Я помню зимний солнечный день, когда приехал отец.
Наш двор был завален сугробами: таким белым снегом, что до боли в глазах. Мы с мамой шли по тропинке среди высоких сугробов, а навстречу к нам бежал мой отец. Высокий, стройный, в шинели, схваченной ремнем портупеи. Мы не виделись больше года. Шла война, он служил во внутренних войсках и был комендантом Подольска.
Папа взял меня на руки, обнял и крепко поцеловал маму. По дороге домой она рассказала, что наш дом разбомбили, мы переехали в соседнее здание и заняли свободную комнату, хозяева которой были в эвакуации. Два месяца назад они возвратились, и весь наш скарб, включая диван с двумя откидными тумбами, вынесли из квартиры.
– Теперь мы живем в подъезде под лестницей, – сказала мама, как будто в этом не было ничего, о чем стоило беспокоиться.
Мне никогда не забыть отцовское лицо, когда он увидел наш угол под лестницей: диван и ржавую печь, которую топили дровами из досок. Их, кстати, было трудно найти. За войну в Москве сожгли все заборы.
Мама хотела согреть чаю, но отец ушел и вернулся только под вечер. Тогда я впервые услышала слово «ордер». Потом мама рассказывала, что папа явился в комендатуру и потребовал, чтобы его семье дали жилье.
Наш диван погрузили в машину, меня с мамой посадили в кабину, и мы поехали по заснеженным московским улицам.
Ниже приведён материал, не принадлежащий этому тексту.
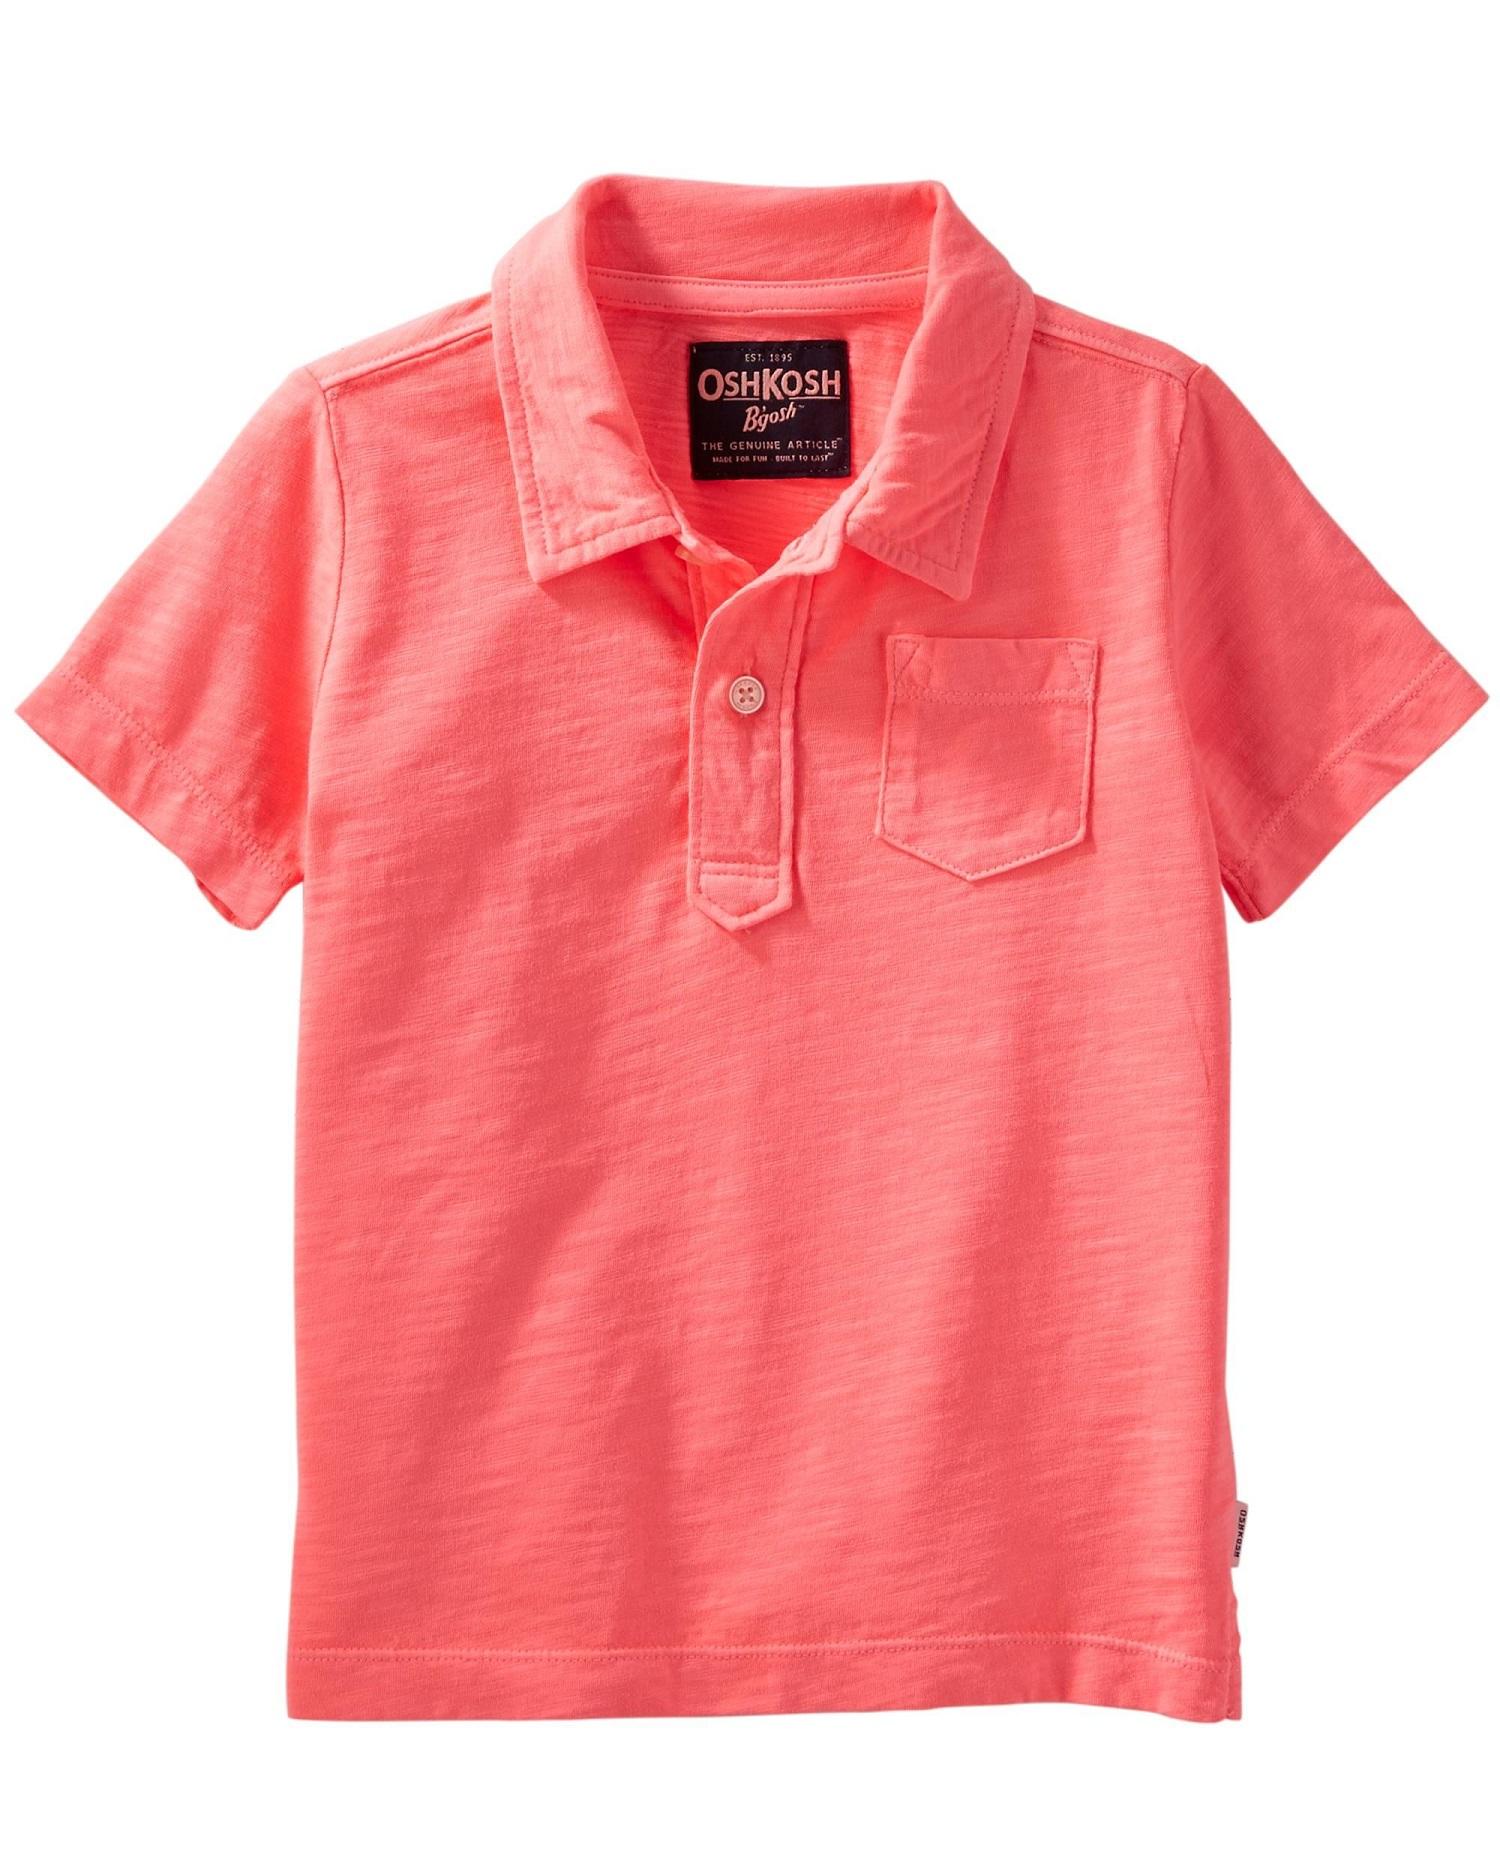 OshKosh B'gosh Little Boys' Neon Jersey Polo

Полуразрушенные, разбитые бомбежкой здания в сумерках казались могильными памятниками. Над крышами уцелевших домов вились дымки. Их вместе со снегом сдувало с крыш порывистым ветром.
Скоро мы приехали на Мясницкую. Отец забрал меня из кабины и понес к подъезду. Помню, как резко взвизгнула разбухшая дверь, и мы втроем, вместе с мамой, вошли в парадное. На лестнице была темнота.